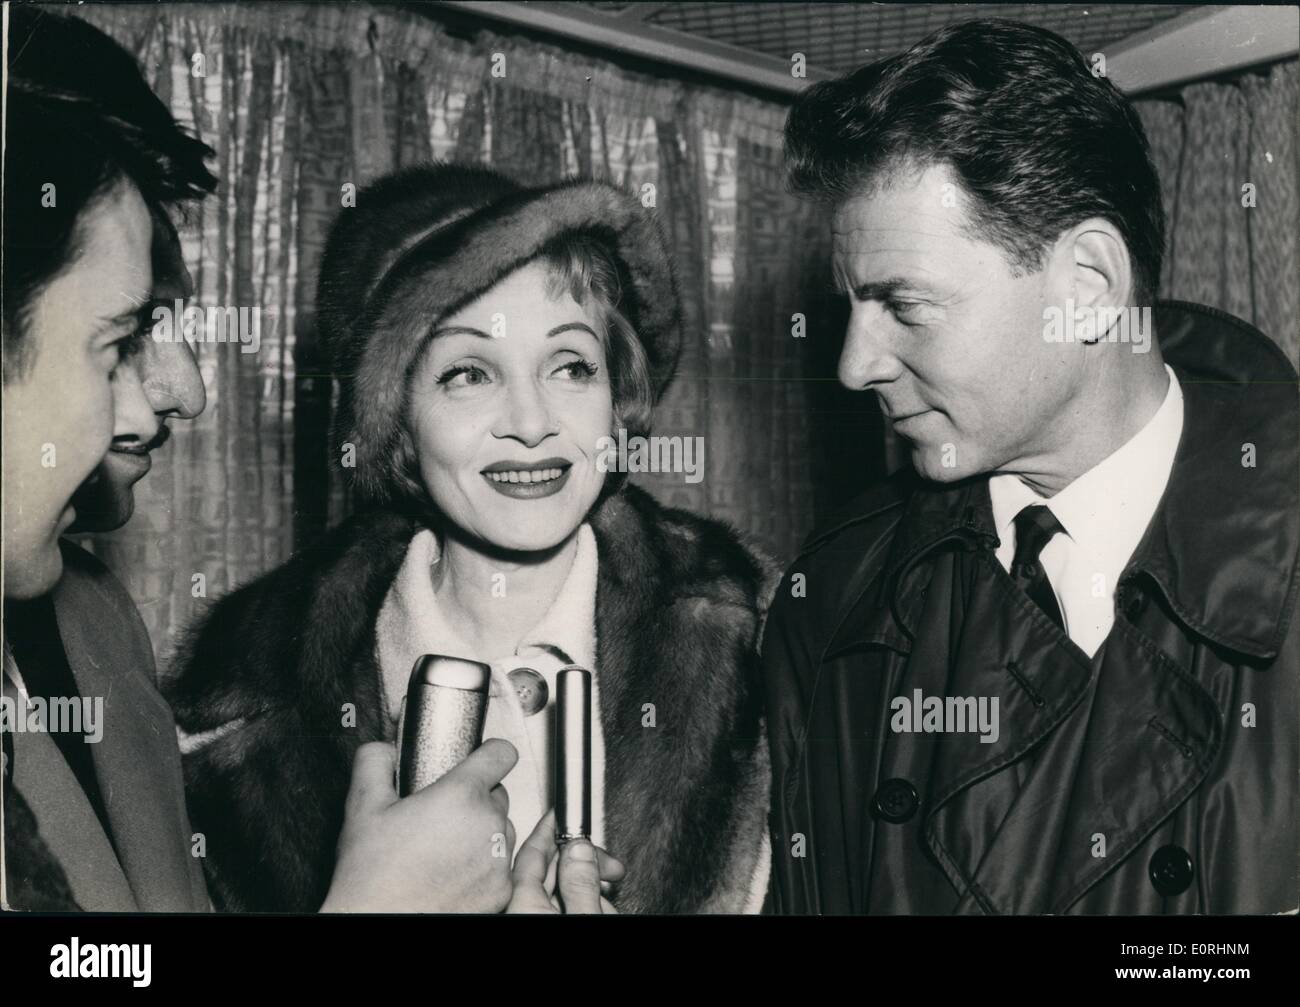 11 novembre 1959 - Marlene Dietrich arrive à Paris : Marlene Dietrich qui est de chanter  dans un théâtre de Paris sont arrivés à Orly ce matin. La photo montre la Marlene Dietrich accueilli par Jean-Pierre montant à son arrivée à l'aéroport ce matin seulement. Banque D'Images
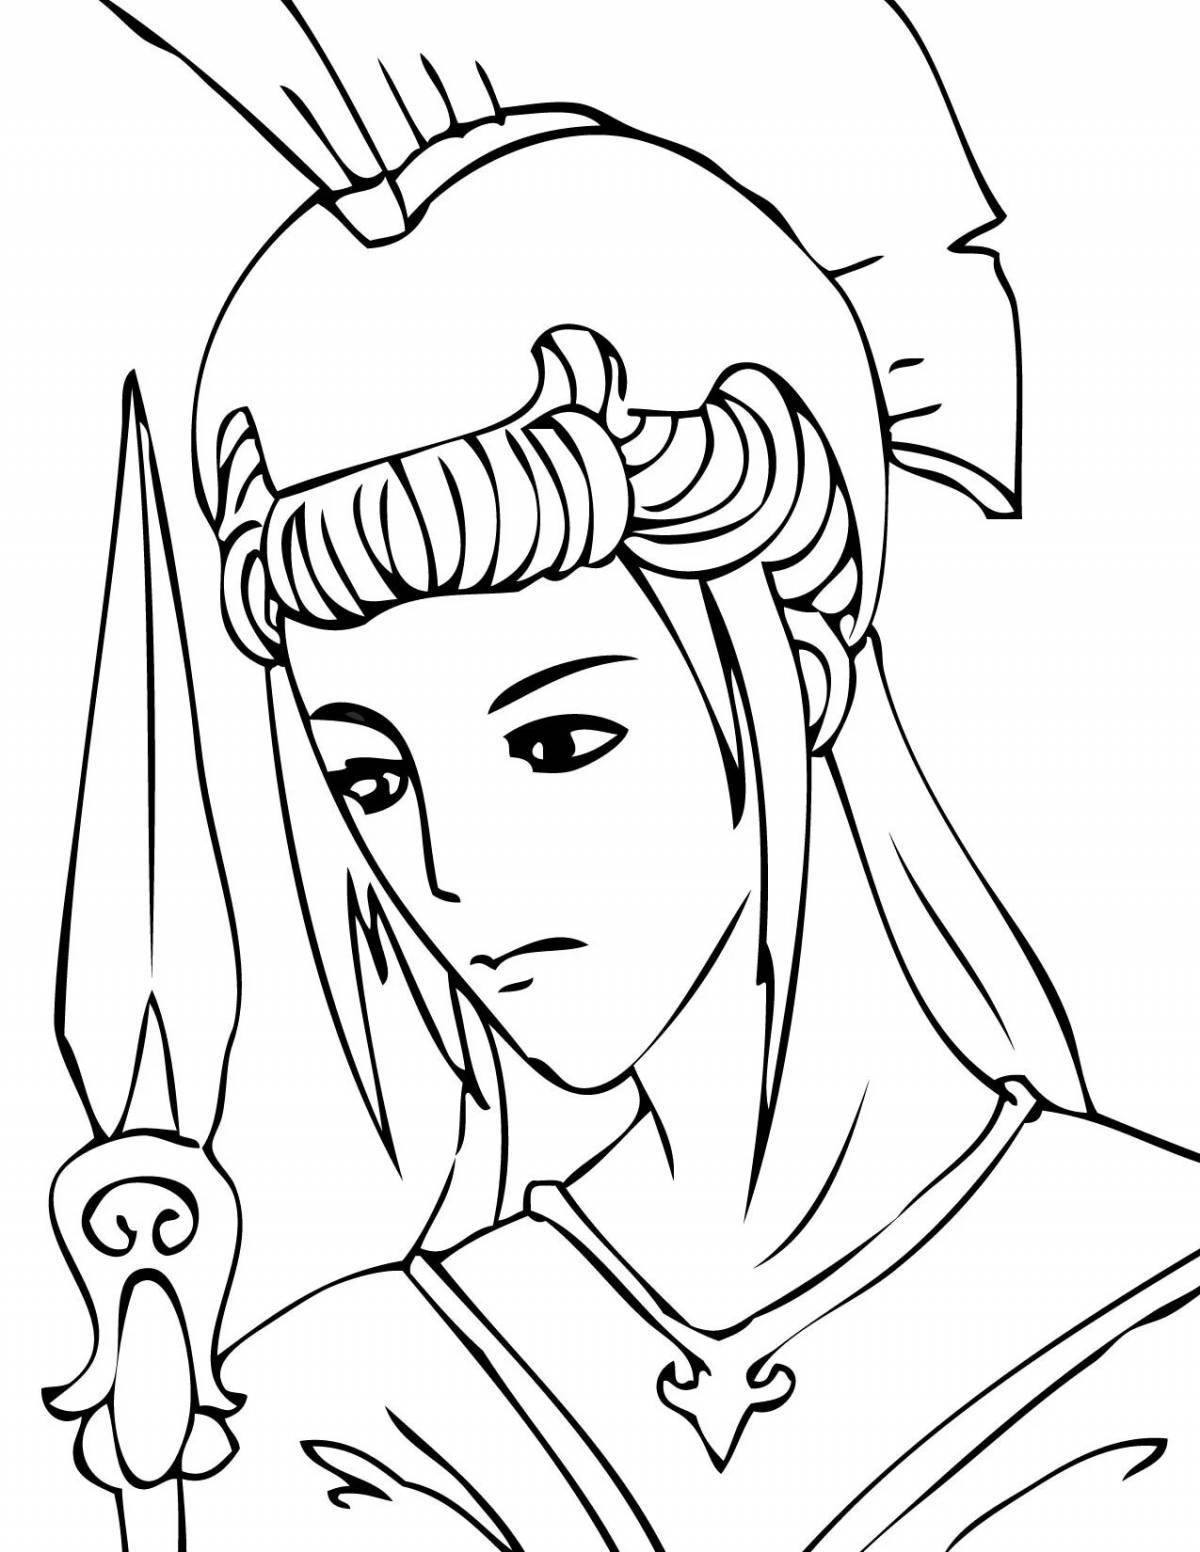 Adorable goddess athena coloring page
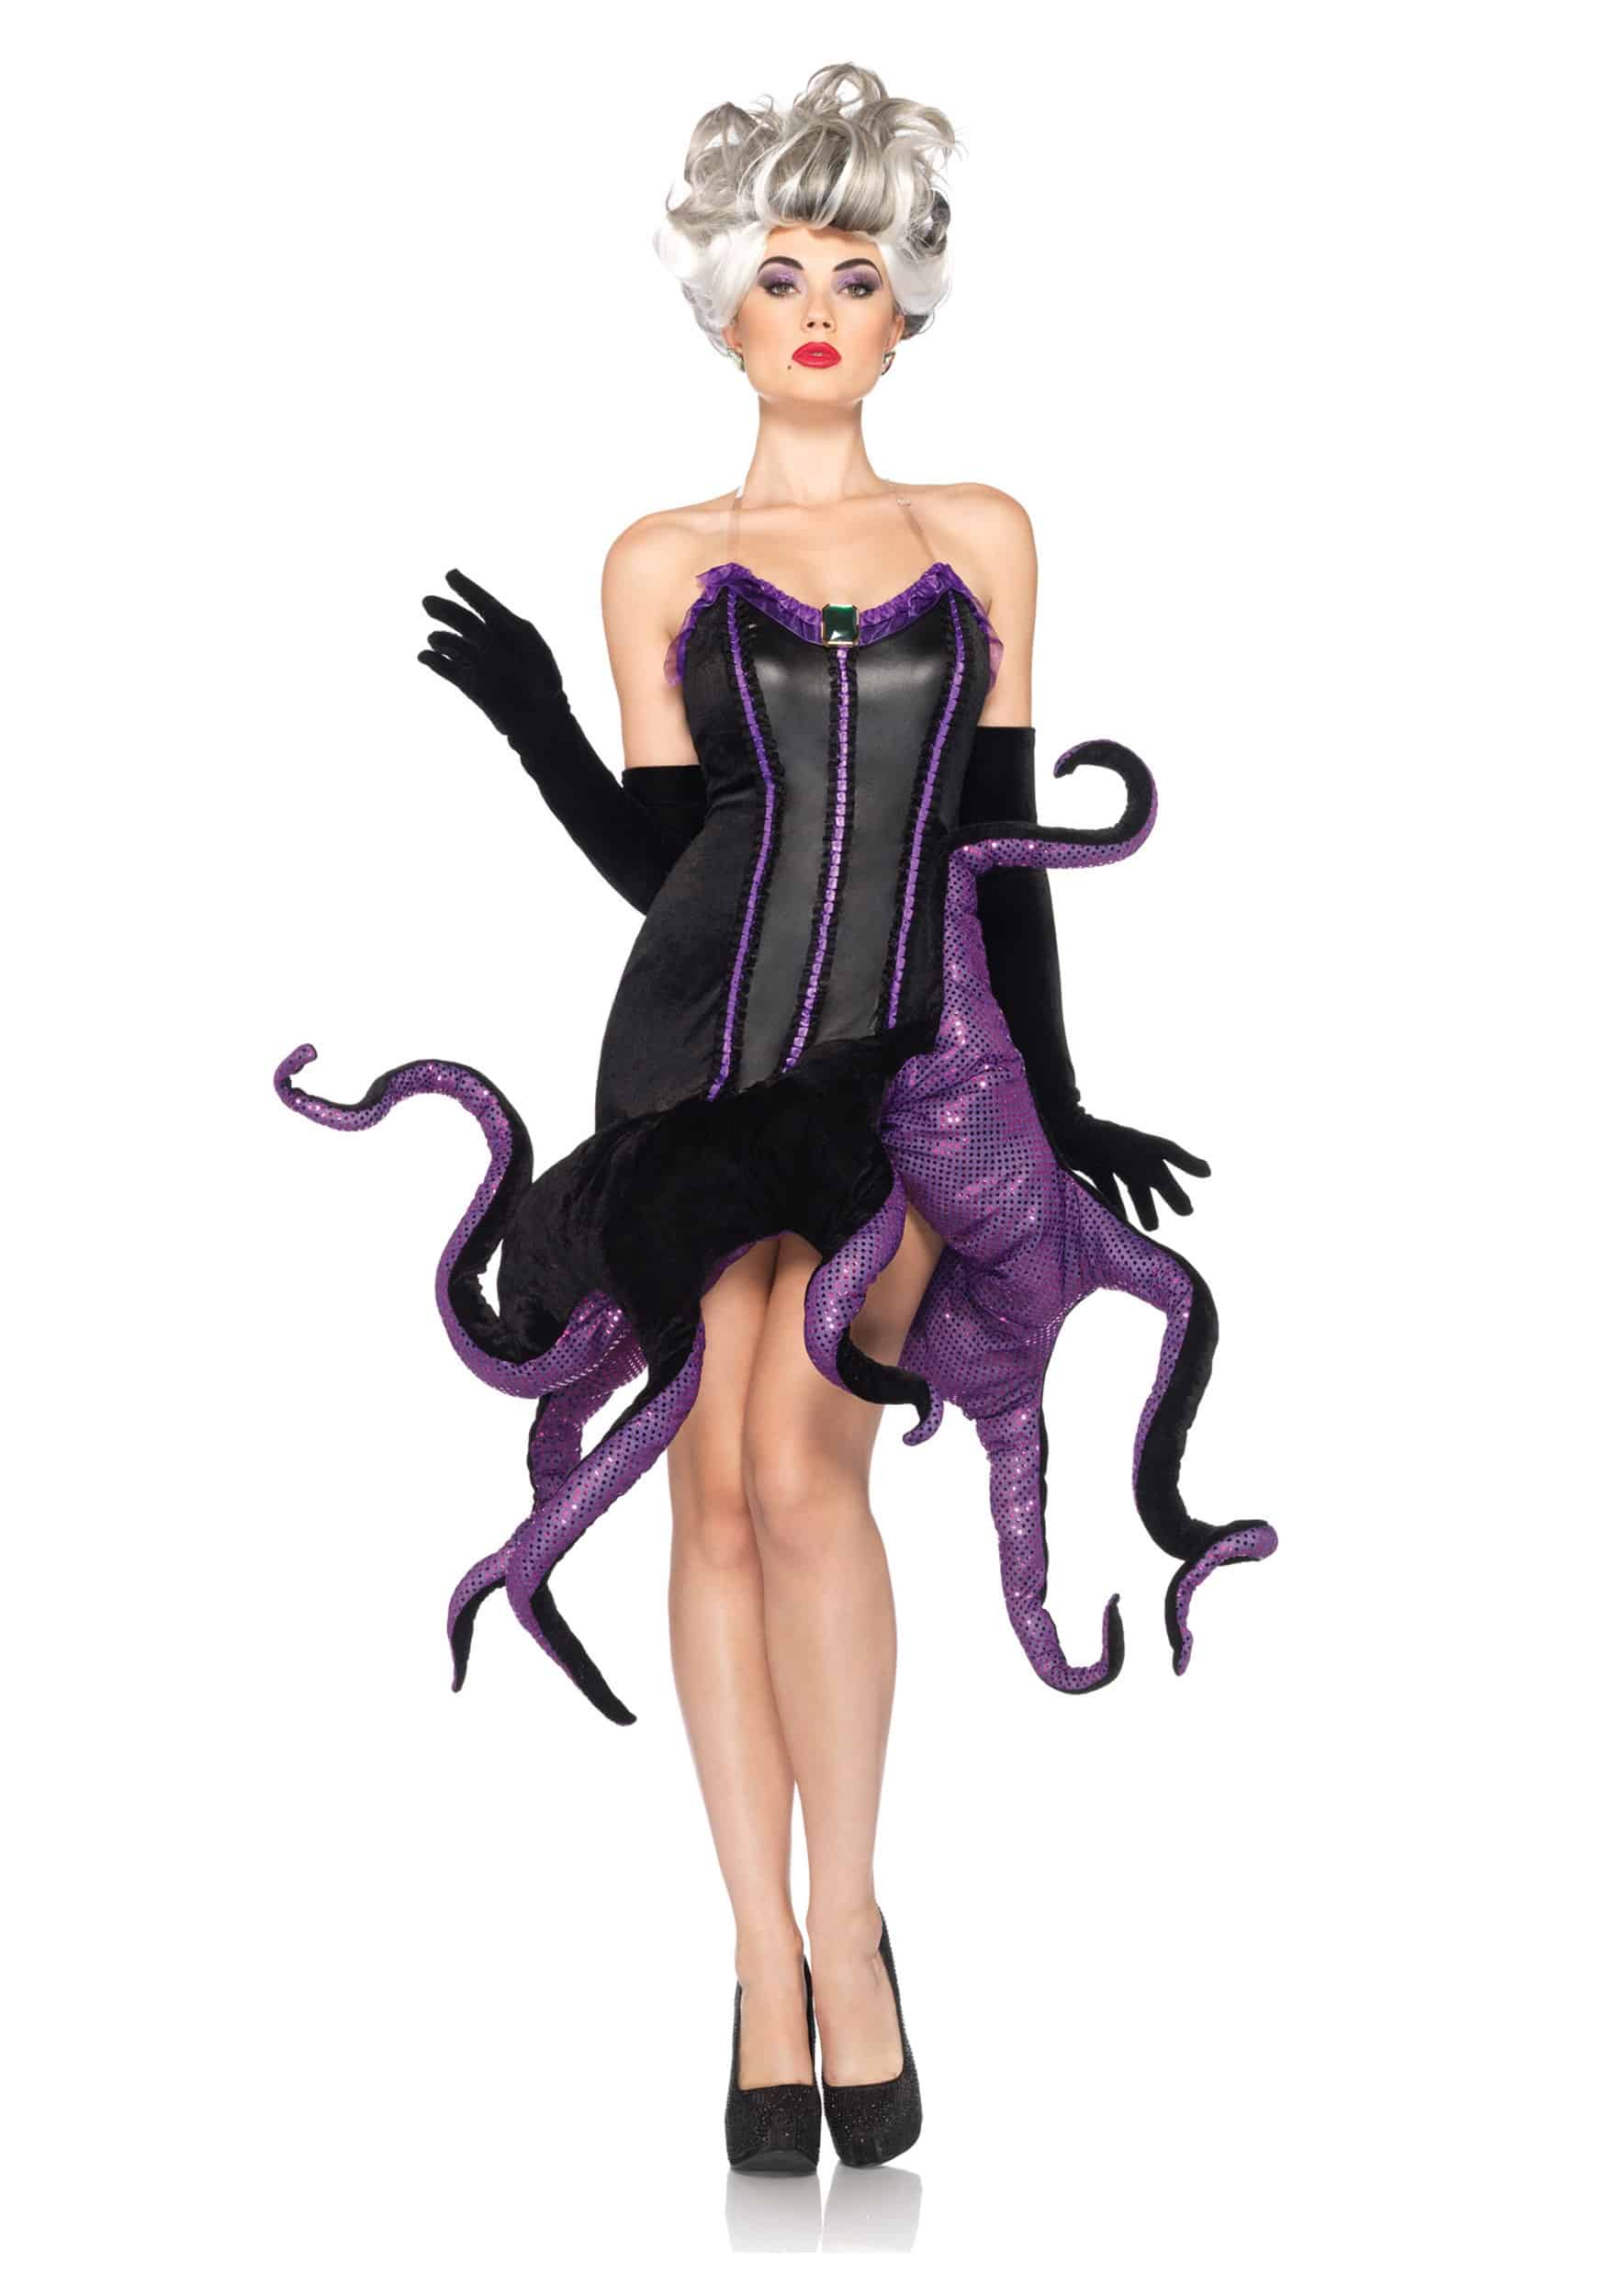 Leg Avenue Ursula Velvet Dress with Tentacle Skirt Dress as a Villain in Halloween

- - -

A word-for-word copy of the listing is the goal; keep every picture out of it.

**Written response:**
 11 novembre 1959 - Marlene Dietrich arrive à Paris : Marlene Dietrich qui est de chanter  dans un théâtre de Paris sont arrivés à Orly ce matin. La photo montre la Marlene Dietrich accueilli par Jean-Pierre montant à son arrivée à l'aéroport ce matin seulement. Banque D'Images
 Adorable goddess athena coloring page
 Leg Avenue Ursula Velvet Dress with Tentacle Skirt Dress as a Villain in Halloween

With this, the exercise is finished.